The January Talk Every Family Should Have: The Possible $77,563 Annual Nursing Home bill

There is an article in Forbes which aptly raises the “The January Talk Every Family Should Have.” The articles leads off:

It doesn’t matter where you are in life, you need to look ahead. Getting old is no ice cream cone and you need to talk about it.

When it comes to long-term care, the subject will impact every family. That’s a guarantee. You will have to manage or care for older relatives — and yourself. With Americans living longer, it’s a given. . .

The reason why you need a January family pow-wow on this subject is that there is no long-term care safety net in the U.S. Social Security and Medicare don’t cover it and most of it is paid for out of pocket by families.

Long-term care is possibly the most critical threat to a family’s long-term financial well-being. Many plan for retirement and even heavily invest in life insurance; however, the possibility of the need for a nursing home or even assisted living is completely overlooked. Why is this converasation so hard?

Kathryn Lawler, who manages aging and health resources for the Atlanta Regional Commission in Georgia, says, “Even in my own family, as an aging professional talking with my own father, I find it remarkable how much anxiety I have about returning to this conversation that, yes, we had a couple years ago, but you have to keep having it: ‘Has anything changed in your plans, Dad? Do these documents need to get updated?’ I mean, who wants to keep doing this? It’s so hard.”

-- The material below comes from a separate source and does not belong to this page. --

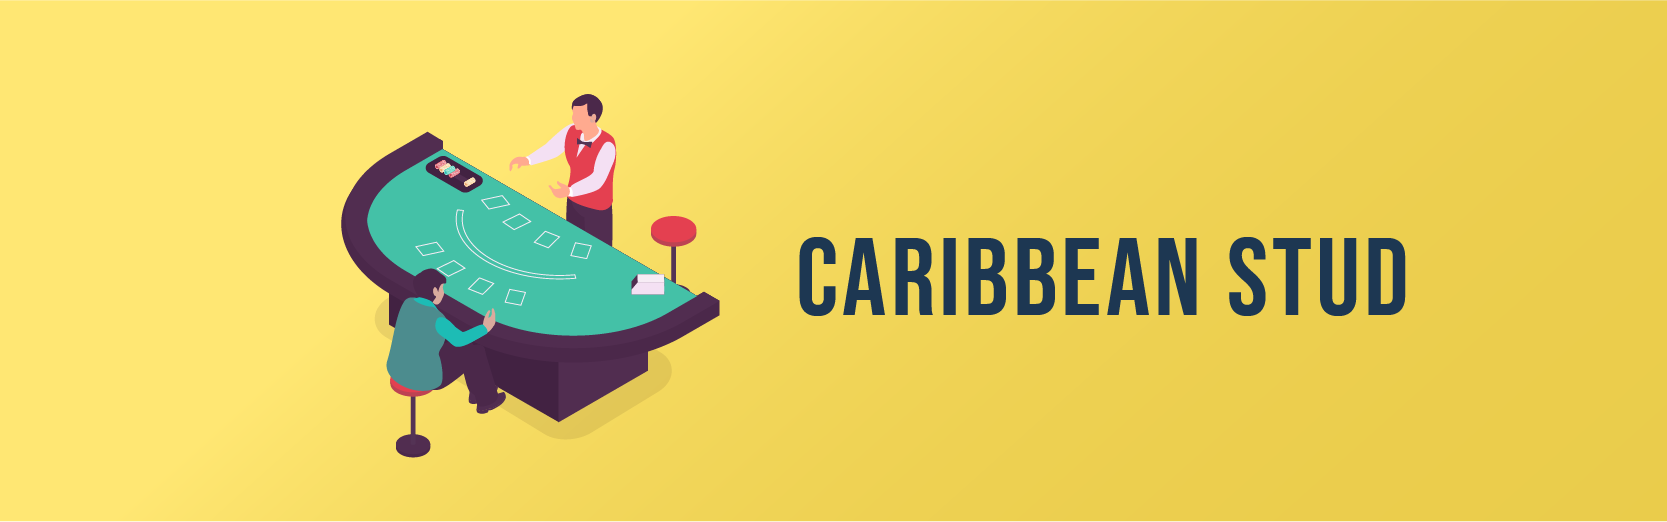 caribbean stud banner

Let’s look at the numbers:

Long-term care expenses are running more than double the rate of inflation. A decent nursing home costs more than $100,000 a year.

Assisted living and home care are less expensive, but are not covered by Medicaid, which only kicks in if you’ve spent down most of your nest egg.

Long-term care is highly fragmented in this country, but there’s almost no public funding for it. Veterans can obtain some help and it really helps if you have a guaranteed pension.

Many expect Medicare to pay for long-term care, but it does not except in a very narrow set of circumstances and then only for up to 100 days.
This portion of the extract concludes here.